You could try to kludge your solution into a single thread, but it would require your CPU-intensive code to yield to the GUI at a predictable interval. That solution sucks. EDIT: Since others are suggesting that approach, let me elaborate on why it sucks: Unbeknownst to you, something is always being updated in a GUI. When you move a window on top and then back off, the entire region under that window is invalidated and code must execute -- in your process -- to redraw that section. Even if you are updating the GUI very quickly, this provides a negative user experience as simple GUI operations block entirely. Buttons highlight when you mouse over, sometimes. A user right clicks. All of these things require CPU time to implement, and if your solitary thread is chewing away on your GA, they will not happen. GUI code being executed is not only your code.
Here's what appears to be a very useful article on the topic.
Two lessons in the trail on the topic are:
Concurrency
Concurrency in Swing
Sorry - it would seem like background tasks would be an easy and obvious sort of thing. Unfortunately, the Java Swing GUI threading model is a bit complicated. There have been some improvements in this area, but one still has to have some knowledge of threading first.
If you have time, I'd suggest reading the chapter on threading in Filthy Rich Clients - Painless Threading through SwingWorker.
If your impatient, just read the JavaDoc on SwingWorker. If you're really impatient, just copy the meaning of life example from the JavaDoc sample usage.
When I was writing a ray-tracer for one of my computer graphics classes in college, I had a long-running task, and I wanted to update the display periodically as the tracer was drawing. I used two separate threads - one thread sleeps, and updates (say every 500 ms); the other thread does the actual raytracing. The key is to synchronize on a common object - in my case, accessing my image buffer was the point of synchronization (one thread can't make changes to the image buffer without first waiting until the other thread is done reading).

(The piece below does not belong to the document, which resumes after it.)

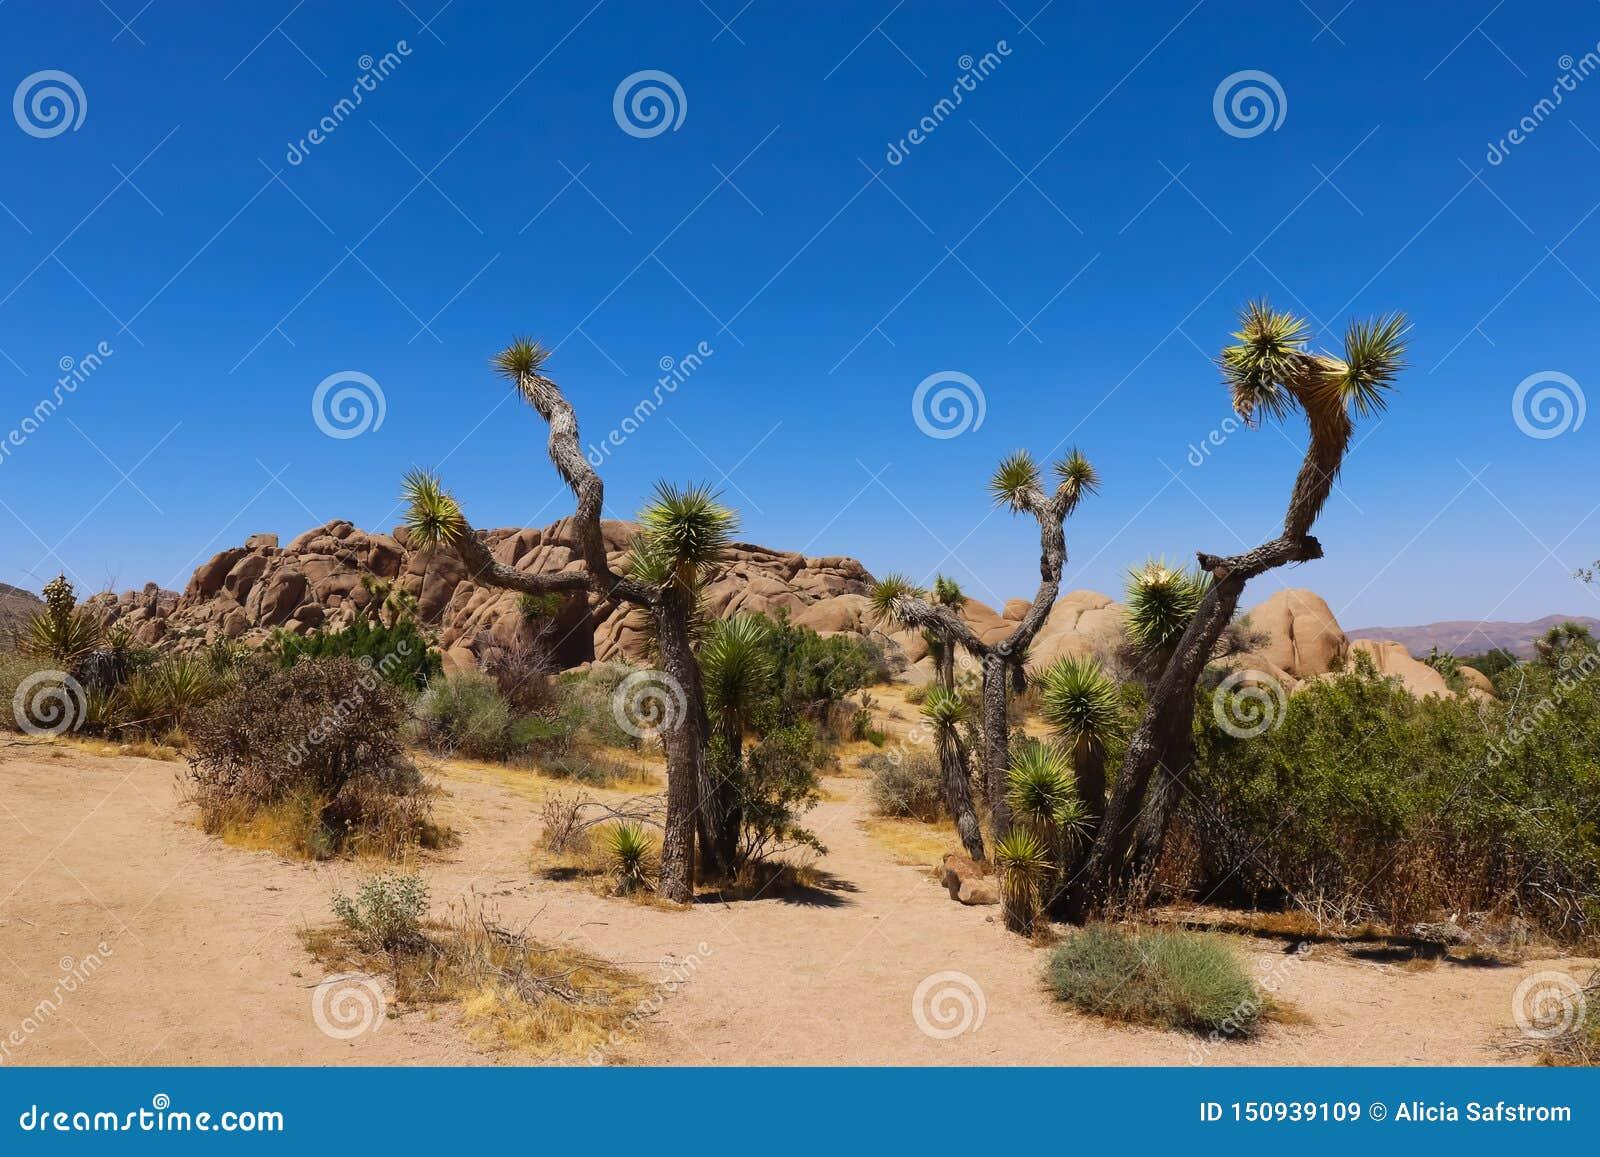 约书亚树国家公园,莫哈韦沙漠

For your GA processing, you might have something like this (pseudocode):
Supposing you have some object, generationHistoryObject, which stores the state that you want to display in your GUI, then:
(in Thread #1:)
Generation newGeneration = doMutationAndTestThisGeneration(lastGeneration);
synchronized (generationHistoryObject) {
generationHistoryObject.updateWithNextGeneration(newGeneration);
}
(in Thread #2:)
while (!programIsDone()) {
synchronized (generationHistoryObject) {
drawGuiForCurrentState(generationHistoryObject);
}
Thread.sleep(500);
}
The idea is that you do the time-consuming work for each generation in isolation, then update the part that the GUI has to access in the synchronized block (making the GUI wait to draw until the update is done).
Your problem with Swing is that it is single threaded (which is a good thing) so you want to get your work out of the Swing thread so your application stays responsive.

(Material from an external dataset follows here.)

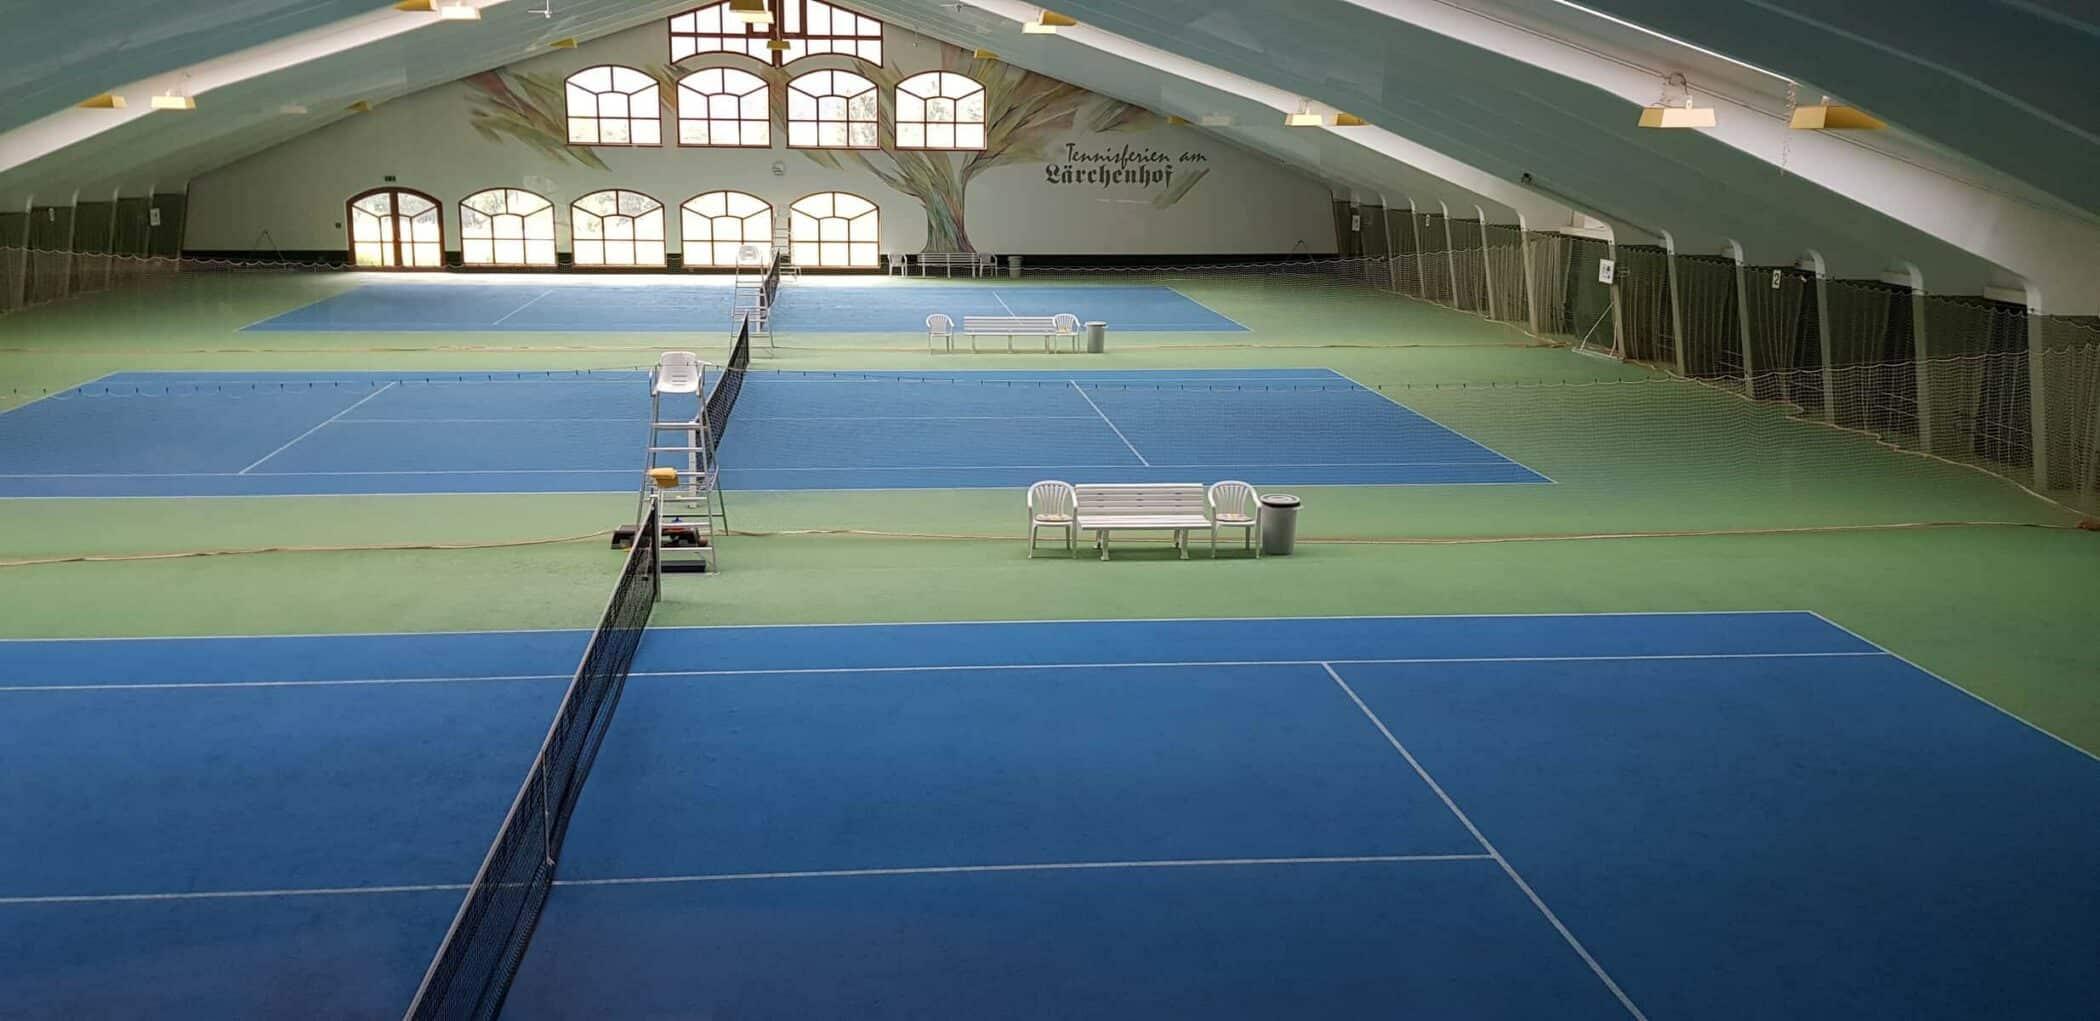 Laerchenhof indoor tennis

The thing you need to do is to convert your core algorithm to a Runnable as it can be handled easily by a SwingWorker and with the newer Executors (see Executors for a lot of preconfigured ones). You can also create investigate how to make a PrintStream to a JTextPanel so you can just use standard println statements to output your current status information.

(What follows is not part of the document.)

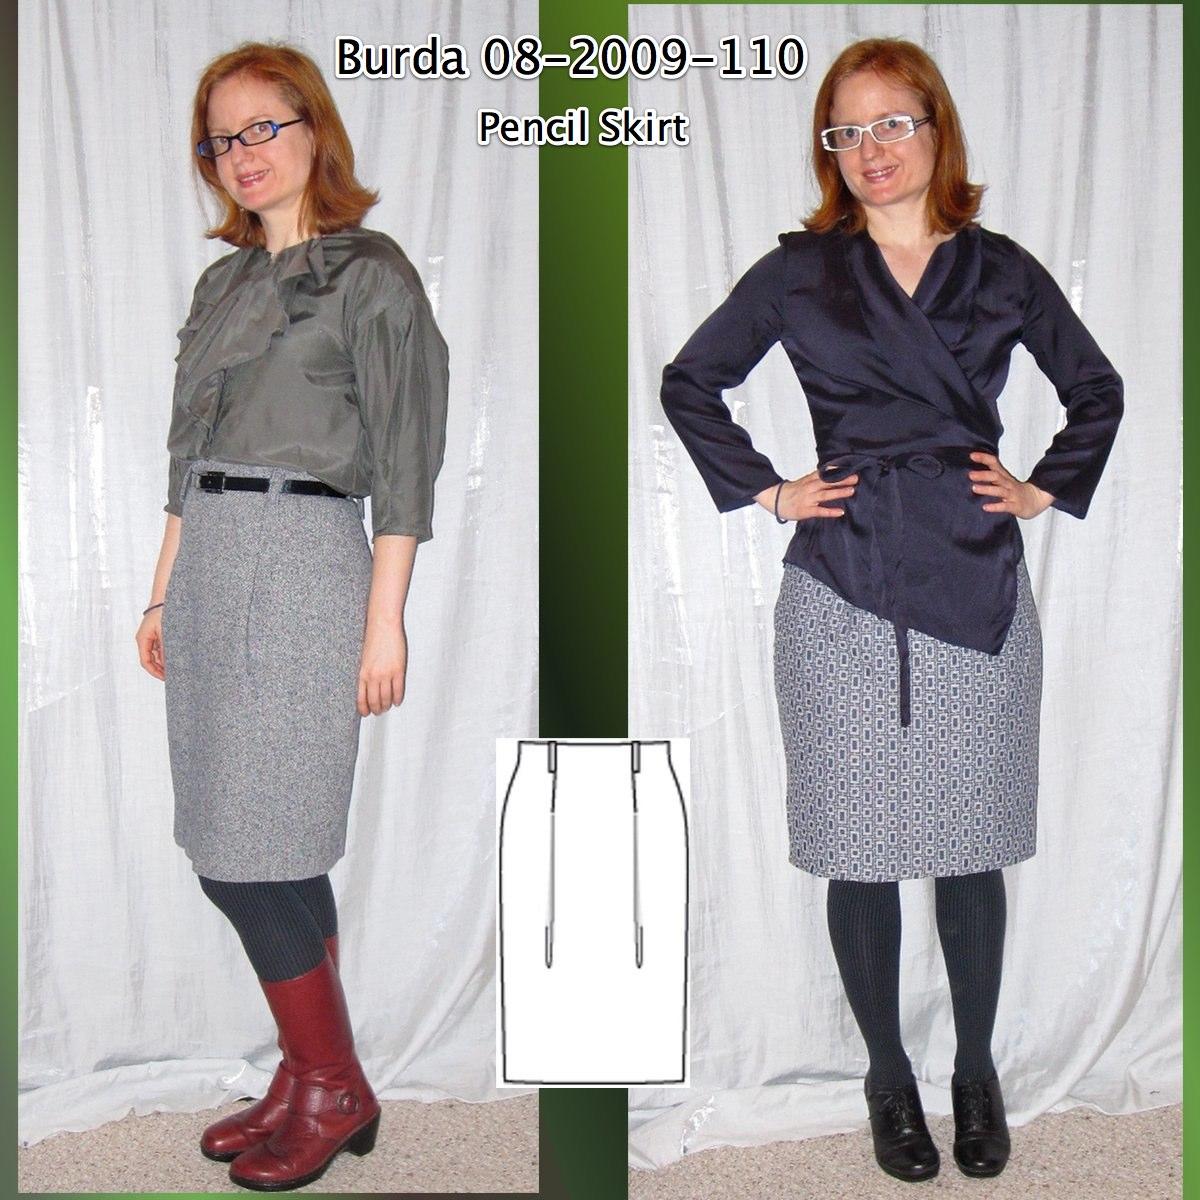 Burda 08-2009-110 Thumbnail

If you want to add a stop button you need to understand the thread model, so you know how to control it. The Java Tutorial has good material on this as well as Swing programming in general. Strongly recommended.
http://java.sun.com/docs/books/tutorial/uiswing/concurrency/index.html
Since your application has to do with genetic algorithms, you could update the GUI every generation or so. You could accomplish this by implementing a next() method in your algorithm code, and calling it from the GUI. This should be simple enough.
However, if you really don't want the GUI to freeze while waiting for the algorithm, you should go for threads.